==== SOURCE DATA ====

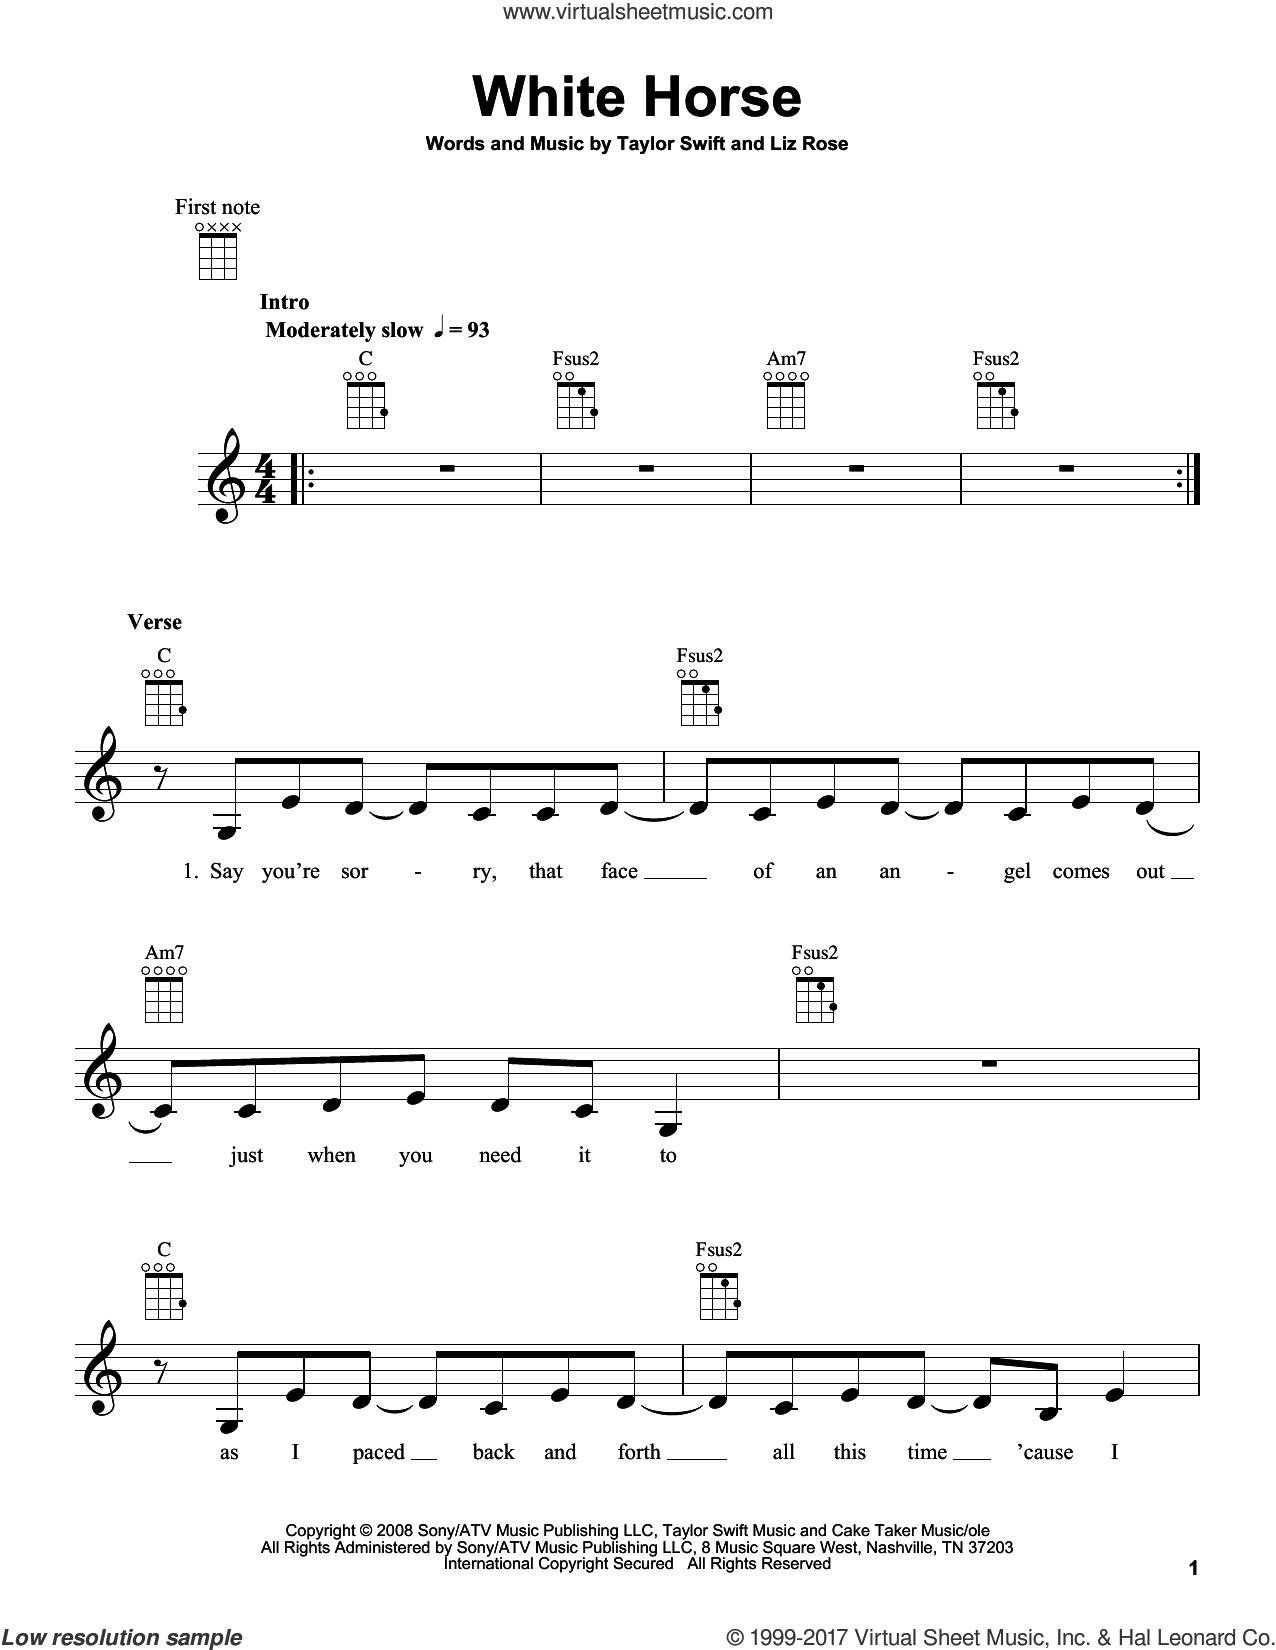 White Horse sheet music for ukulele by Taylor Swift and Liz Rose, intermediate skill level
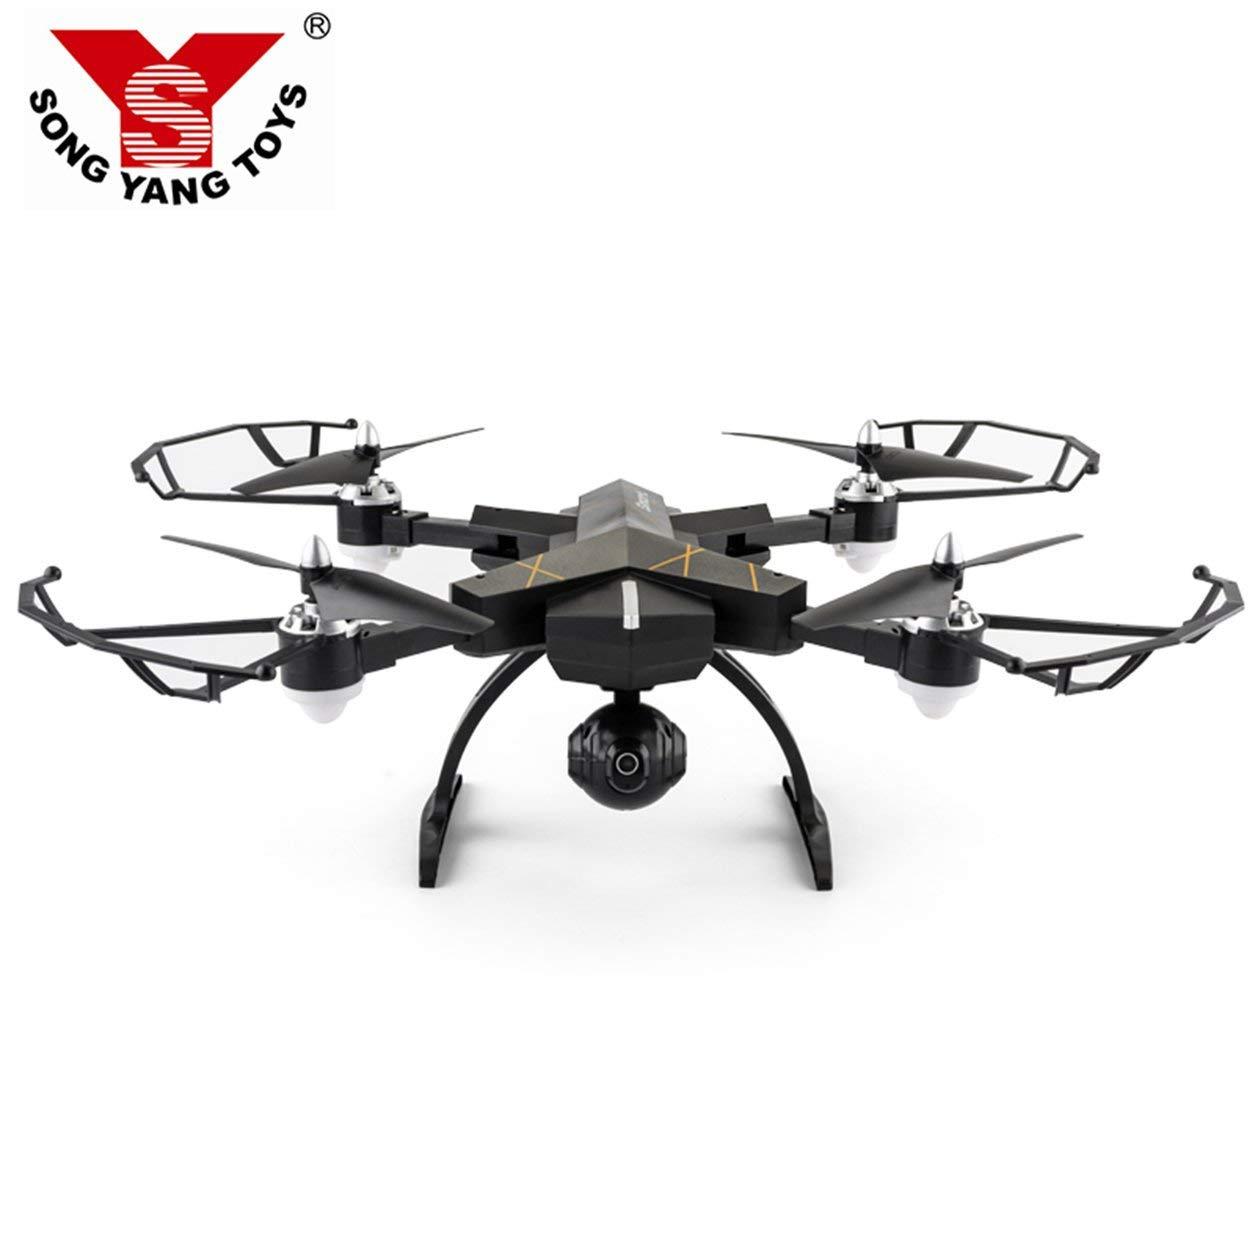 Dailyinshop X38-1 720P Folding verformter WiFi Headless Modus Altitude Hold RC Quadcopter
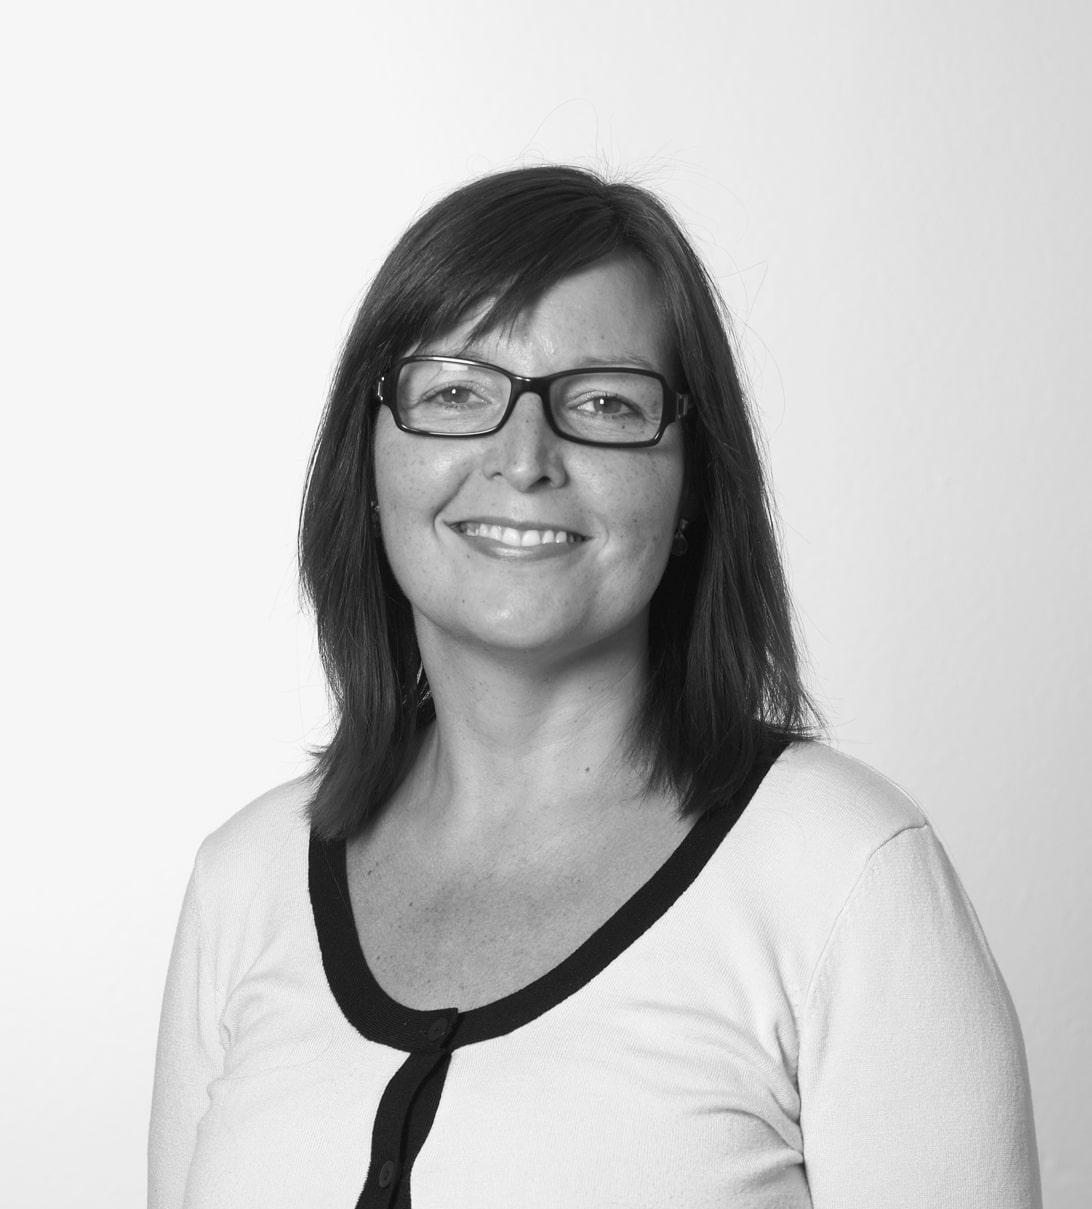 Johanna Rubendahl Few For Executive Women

====

### YOUR ASSIGNMENT:
Reproduce the full listing above verbatim, with no pictures included.

### EXERCISE ANSWER:
 White Horse sheet music for ukulele by Taylor Swift and Liz Rose, intermediate skill level
 Dailyinshop X38-1 720P Folding verformter WiFi Headless Modus Altitude Hold RC Quadcopter
 Johanna Rubendahl Few For Executive Women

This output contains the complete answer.